All things considered, making your own powdered milk is not only saves money, but also has numerous health benefits. The safety and concerns regarding the dehydration of milk can easily be avoided if the instructions are followed to the letter.

Now you have everything you need to get started with making powdered milk, so we’re curious to know if you ever tried and of this and how it worked out for you.

10 thoughts on “How to Make Powdered Milk at Home”

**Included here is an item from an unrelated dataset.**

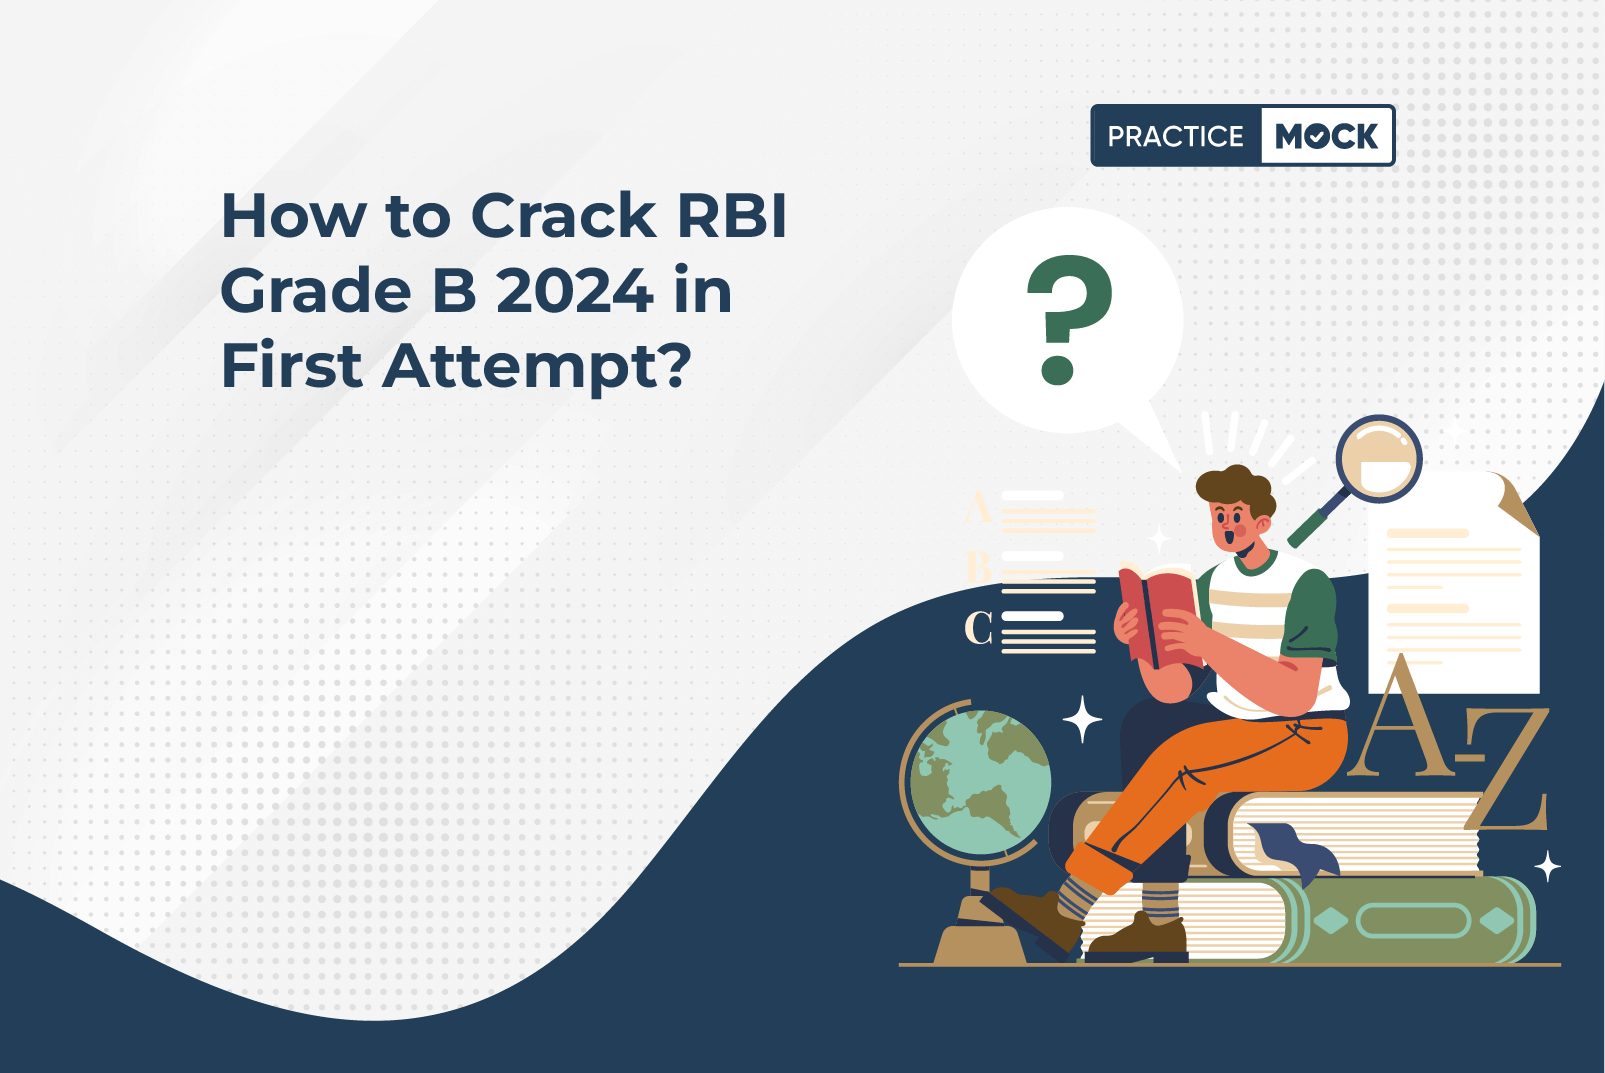 How to Crack RBI Grade B 2024 in First Attempt

  1. Thank you very much for this article!!
    We buy only organic milk to drink. And finding organic, dried milk is pretty much impossible. I had never even though to dry my own. duh!
    I love knowing that we can still have milk even when we can’t get out to the store to get it. One of these days I am going to actually look forward to a big snowstorm! haha

    1. Whenever you need/want fresh eggs &/or organic fresh milk, find and/or visit a small “country” feed store & talk to the proprietor. They usually know who the farm owners are &/or who buys the various feeds. We raised & showed registered dairy goats for 25 years & that’s how we directed folks to find fresh supplies of eggs, milk & beef. FYI: goat milk is the closest thing to human milk & is” naturally homogenated”. Just make sure the animals are tested for TB & Brucellosis.

  2. thank you for this information! We have our own dairy goats and have been looking into drying our milk. What a great way to have milk when our girls are dry. Thanks again!

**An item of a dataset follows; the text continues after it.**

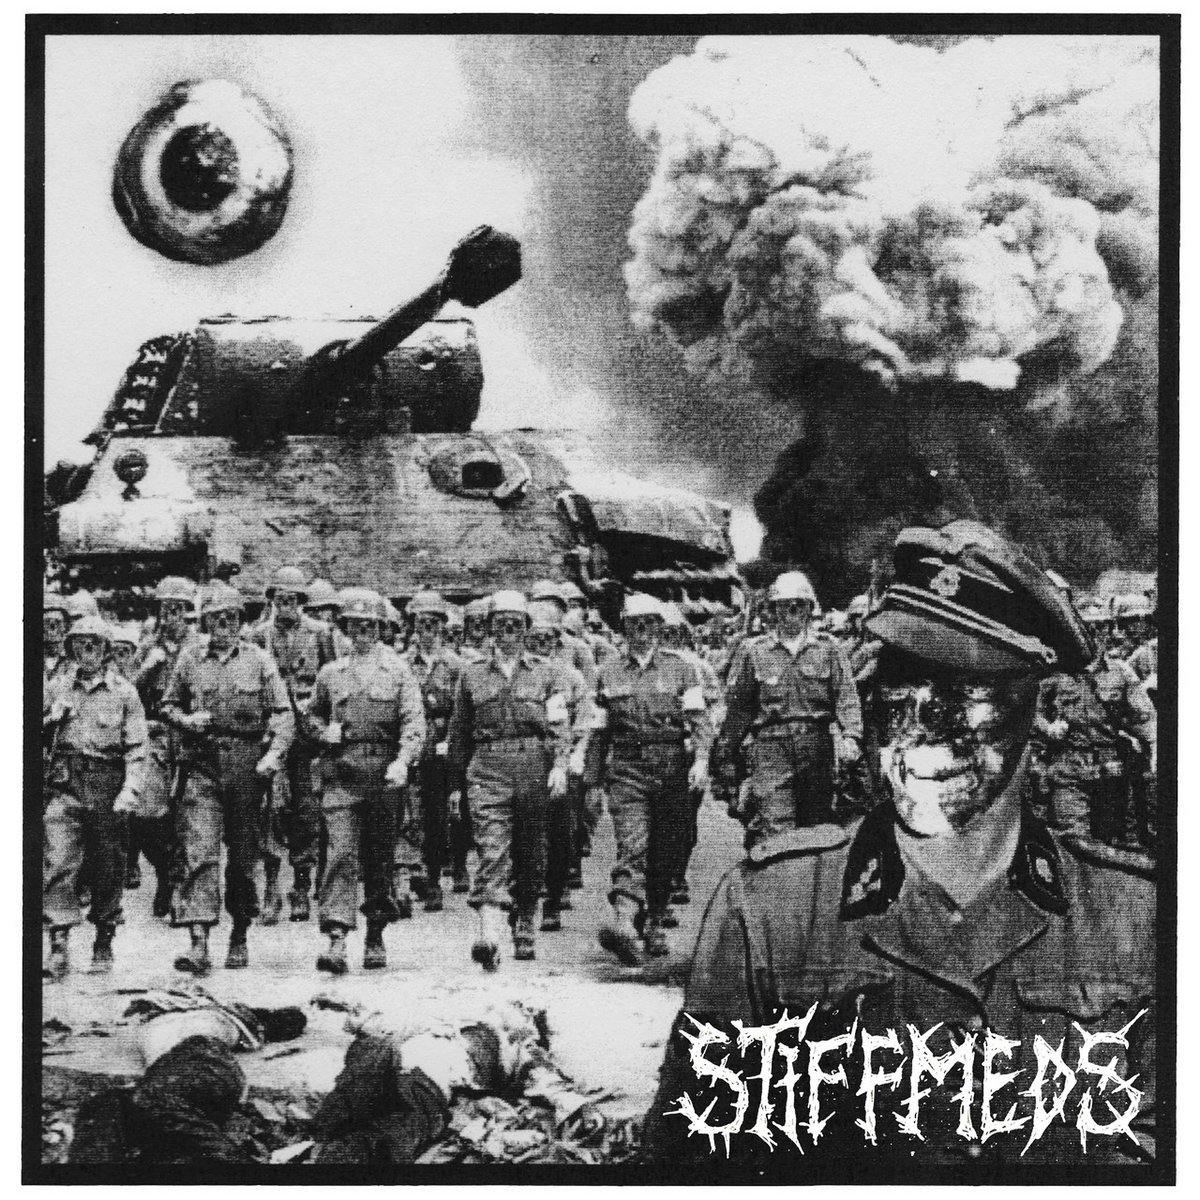 Buy – Stiff Meds "Exciting Violence" Cassette – Band & Music Merch – Cold Cuts Merch

  3. Hello! I’m not sure if anyone will read this, but I could use some advice.

    My son and I both have food allergies, and I’m currently learning how to prep. I was wondering if this method could be used for a soy, rice, or coconut (we can’t have nuts, haven’t tried help or flax yet) based milk alternative? If it can, does the milk need to be homemade? Are the ratios the same? Is it safe to do so from a health point of view? I’d really appreciate any advice.

    Thanks in advance!

    1. hi. Robin. I make my soy milk directly from dry soy bean. I rinse the beans and then soak them in good water for 2 hours on the counter or overnight in the fridge.
      Cook the beans for 30 minutes (or until no more raw bean taster) in minimal amount of water. (Just enough water to cover the beans and not run dry during cooking.
      Wait till it is cool enough. drain and place beans into zip lock bags (I use snack size bags for singel serving).
      Store in freezer.
      To make drink,
      empty a bag of frozen cooked beans into blender. (I use a basic Oster model)
      Add enough water to blend. blend for a while until very fine and smooth. (I use hot water as I like my drink not ice cold.)
      Add more water to the desired consistency and taste.
      Add sugar or other ingredients to customize the taste.
      Note: you could strain it after blending for a smoother drink.
      I just blend my longer until there is no grittiness and drink it whole, to get the full nutrition and fiber benefit.
      This has been so convenient for me as I could use the frozen cooked beans directly in my healthy non-dairy breakfast smoothie.
      My son loves it. Hope this could help you and your son as well.
      Best. May

  4. Hello Teresa Fikeswhen,

    Thanks much for sharing these great ideas as I loved reading all of your recipes; although I have not yet tried making your Powdered Milk Recipes which I am going to try making it instead of buying half and half creamer as my husband uses it in his coffee. I have a quick question can I use Parchment Paper to line my trays when making the Powdered Milk in the dehydrator?

    Thanks again and I am looking forward to hearing back from you.

    Donna Barcus

  5. Hi,
    Is there a way to add preservation powder to conserve it for jewellery purposes? And what chemical powder or natural powder could it be? Is there somebody who knows anything about this?


  6. Benita Patrick

    Thanks a lot for sharing this great idea………please I want to know how to get skim milk for drying. Can it be gotten from a store?